С этой позиции открывалась длинная цепь аулов по долине Бженефкуб и по правой возвышенности, отстоявшей от реки не далее версты. Нам видна была вся суматоха, произведенная нашим приходом: множество ароб, наваленных пожитками и сопровождаемых стадами, тянулись по всем ущельям левого берега Пшехи. Такая деятельность кипела несколько дней сряду. Видно было, что горцы не ожидали столь раннего прибытия наших войск. Мы легко могли бы теперь уничтожить все аулы; но от движения вперед, по многим причинам, надлежало отказаться. Усиленные летние труды и наступившие сырые и холодные ночи начали заметно [174] отзываться в отряде: число больных стало опять увеличиваться, изрядное число раненых также ослабляло войска, требуя на каждого раненого не менее восьми человек носильщиков, да и помещение больных и раненых в солдатских палатках в такое позднее время года делалось невозможным. К тому же отряд, вынужденный на каждом шагу останавливаться для рубки леса, не мог быстро двигаться вперед, вернуться же и бросить начатое дело было бы неразсчетливо. Если бы идти беспрерывно вперед, то у войск недостало бы взятого десятидневного провиянта, а посылка колонны из отдаленной непокорной страны за провиянтом в Пшехскую была бы опасна. Нужно было воспользоваться недалеким расстоянием от склада, чтобы обеспечить себя продовольствием на предстоящее время. Впрочем, мы не напрасно стояли на этой позиции: на вырубку леса и на разработку дороги к аулам требовалось по крайней мере три дня. Все эти обстоятельства побудили генерал-майора Преображенского остановиться на занятой позиции на несколько дней и на другой день послать колонну в станицу Пшехскую. Колонна должна была, сдав больных и раненых в отрядный лазарет и пополнив израсходованный провиянт и зерновой фураж, в тот же день возвратиться в лагерь.

27-го сентября была произведена рекогносцировка по направлению к реке Пшиш. Но так как колонна не отходила далеко от лагеря и не углублялась в лес, то горцы почти не беспокоили ее во время движения. 28-го сентября произведена другая рекогносцировка — вверх по Пшехе. Войска прошли около шести верст, при слабом противодействии горцев. В лагерь принесли одного убитого и трех раненых рядовых.

30-го сентября началось дальнейшее движение всем отрядом: спустившись в долину Бженефкуб, мы поднялись по Пшехе. Горцы хотя и затеяли перестрелку с правою цепью, но большая часть их оставались простыми наблюдателями за нашими движениями. Перестрелка с правой цепью не помешала левой жечь аулы. Запылавшие почти в одно время, они представляли полосу огня на протяжении шести верст; а чтобы бесполезно не терять людей, генерал-майор Преображенский не приказал уничтожать аулов, расположенных цепью [175] по правой возвышенности. Притом уцелевшие аулы могли доставить нам сухой строительный материял.

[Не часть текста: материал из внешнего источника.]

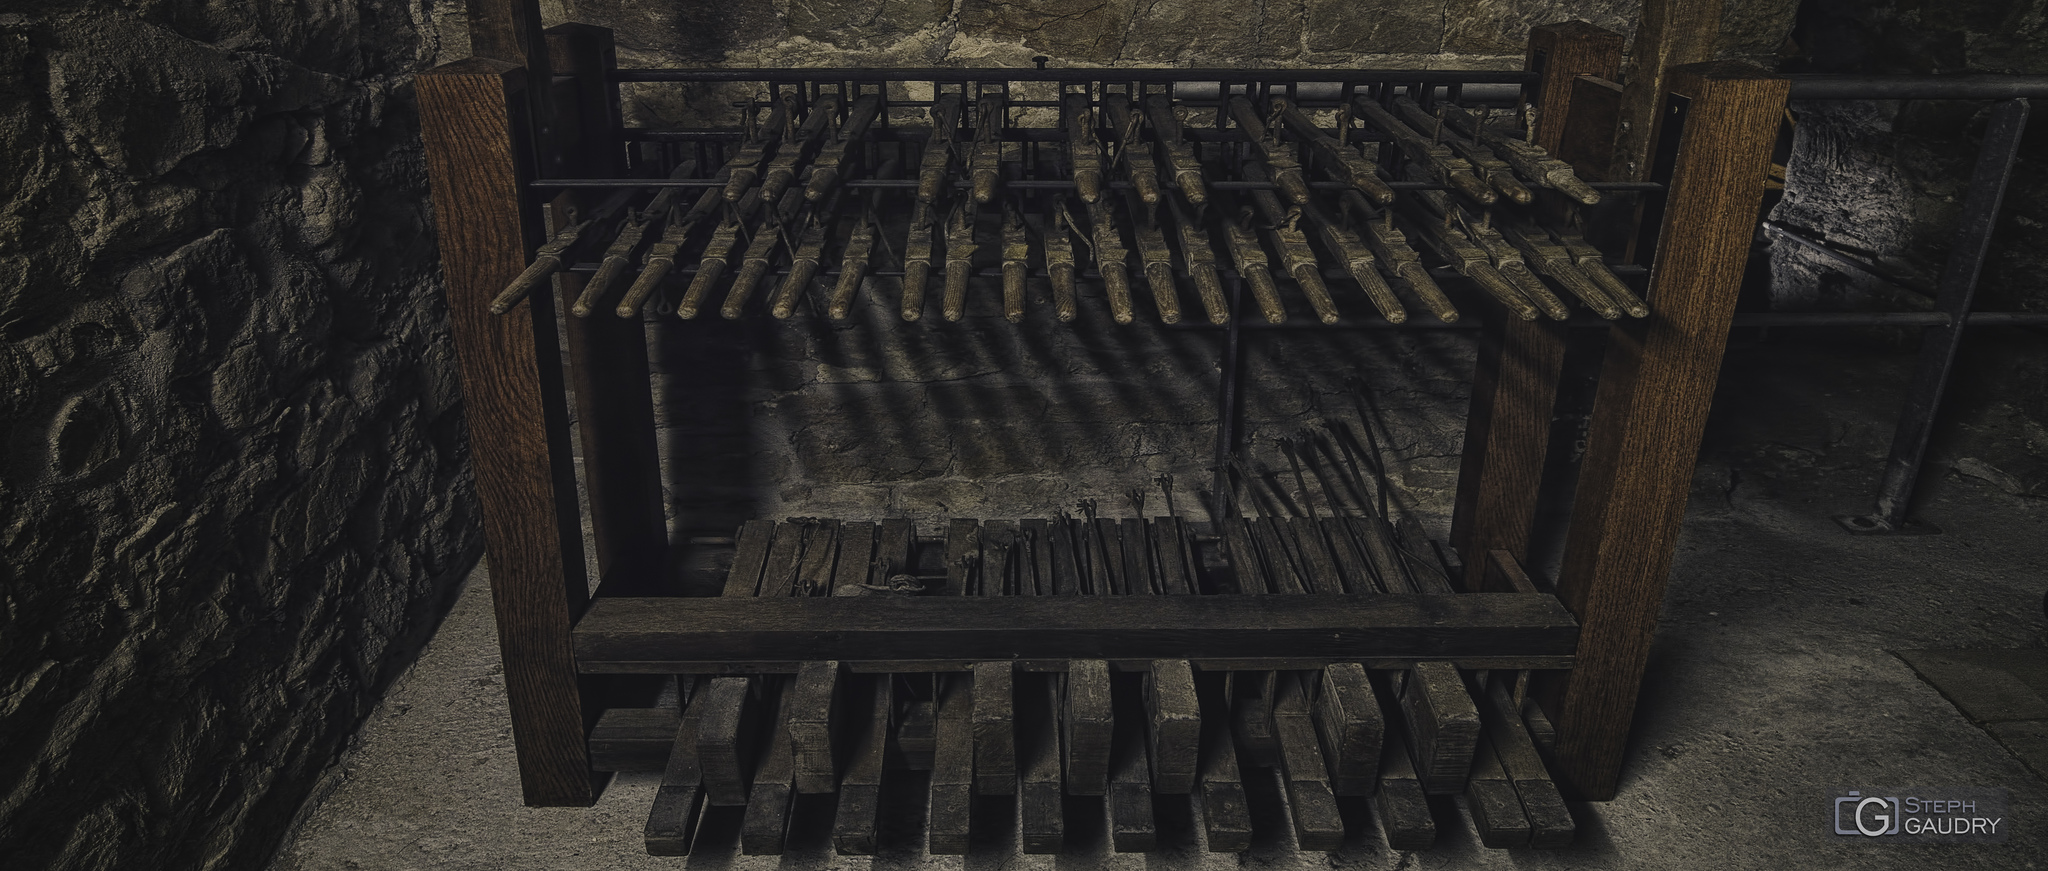 Clavier du carillon de la collégiale Saint-Barthélemy

Отряд, между тем, продолжал подвигаться к лесу, переходящему через лощину и упирающемуся в берег Пшехи. Узкая дорога над самым берегом была перегорожена завалом. Авангард остановился; цепь же, не зная, какое препятствие встретит колонна при своем движении, продолжала идти вперед и, таким образом, нечаянно зашла в тыл горцам за завалом. Увидя себя обойденными, горцы спешили очистить завал, который без выстрела был занят передовыми частями колонны. Спустя несколько минуть, кавалерия и конная артиллерия, проскакав сквозь разломанные ворога завала, заняли поляну за лесом. На поляне кавалерия встретила большую толпу конных горцев; дав залп, они тотчас же скрылись в лес, откуда продолжали перестреливаться с нашими наездниками. Поляна, на которой находился аул Пшукуй-Хабль, была выбрана для нашей стоянки, и отряд начал располагаться здесь лагерем. Правая цепь была оставлена в занимаемой ею опушке, а высланные от всех частей рабочие принялись рубить лес. К вечеру образовалась широкая просека, обеспечивавшая движение по дороге, и правая цепь, равно как и кавалерия были отозваны на свои места.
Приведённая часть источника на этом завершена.